今日は有休を取り、遊び回っていたけれど、湘南台の駅改札を出て、5分くらい動けなかった。
急に家に帰ることに対して虚無になり、石化までは行かないけど、足の裏から根の生える感じで「ぽわーん」と立ちすくんでしまった。
駅改札を抜けたど真ん中に立ち、動きたくても動けなくなった私の異変に通行人は気づくだろうか。
気持ちの問題だろうけど、たまにこういう状態になる。
「明日の仕事のためにも、早くおうち帰ろうね」
と、自分に声かけして、ようやく家に帰れる状態になったけれど、普段から職場に出社することより帰宅することの方がエネルギーがいる。

今度は乗り継ぎ電車から降りられなくなった。
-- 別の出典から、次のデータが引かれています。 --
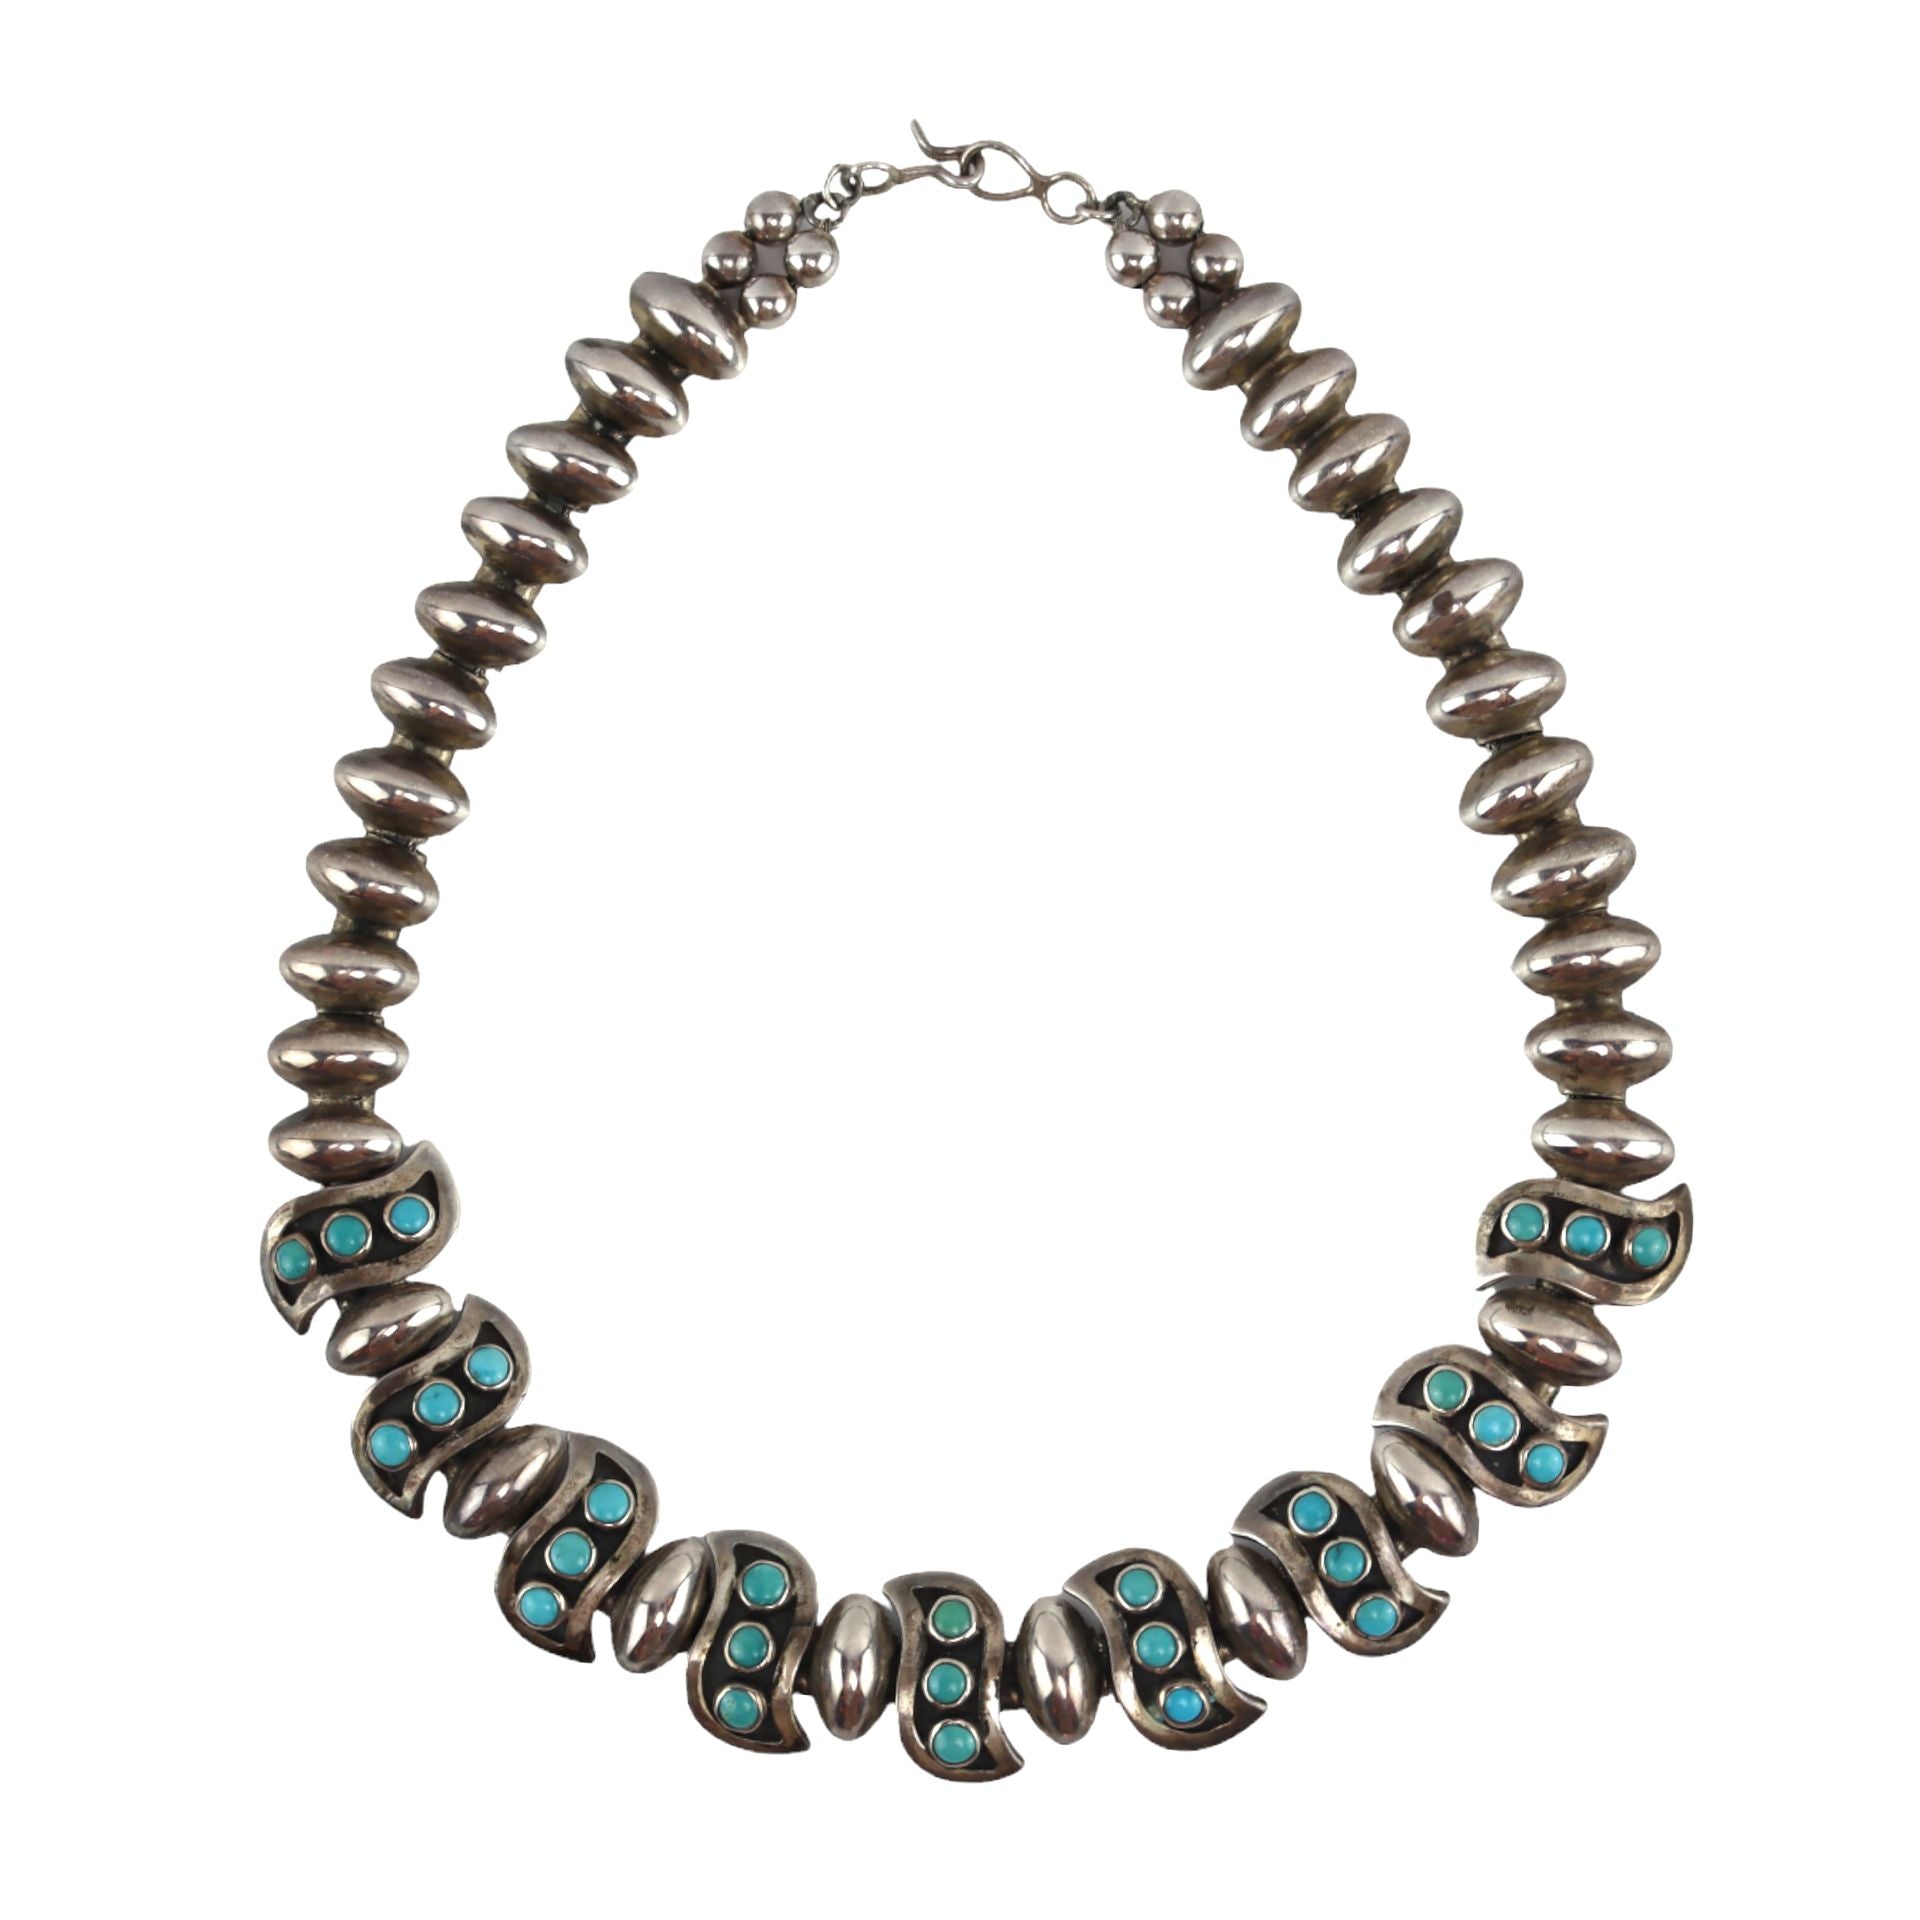 Navajo - Turquoise and Silver Beaded Necklace c. 1950-60s, 17" length (J16021)

最寄駅になっても降りる気がしない。
これが通勤ならピシッと降りられるのに、無気力でどうにもならない。
「家に帰りたい」以前に「何もしたくない」という気持ちが勝って、最果てまで連れてかれそうだ。

仕方なく降りた、数駅先のベンチに身投げした。
硬いベンチに身を委ねていると、どこからともなく練り消しみたいなバニラの匂いがして、平成が頭に広がった。なんだよ練り消し臭。このまま私を練って、消してくれ。

「このベンチの硬さは、数年前に瀬戸内の島に行った時、連絡船待ちで昼寝したベンチの硬さに似てるな」とか、そんな思い出にしがみつきながら辛うじて正気を保つ。
そして個人商店も開店休業な離島で、港の近くにあるコカコーラの自販機に並ぶ缶コーヒーの甘さが空きっ腹にコウカテキメンだったことを思い出し、2024年の私も駅の自販機で缶コーヒーを買おうかとひらめく。

でも140円は高いな。
「今日は帰って寝るだけなんだろ?そんなヤツに140円も課金してどうする?」と私に手厳しい私が私を責める。
それから私が私を責めるたびに、今度は責められる私が苦しみだして、分離されるし、今度は「傍観者の私」「仲介者になれない私」と私の中の私が増殖し、どんどんワケのわからないことになっていく。ヤな感じだ。
わかりやすく?イメージすると、ぷよぷよに出てくる透明なお邪魔ぷよが6段くらい落ちてきて、せからしいBGMが流れてくるような、そんな感じ。透明な重さに息詰まる。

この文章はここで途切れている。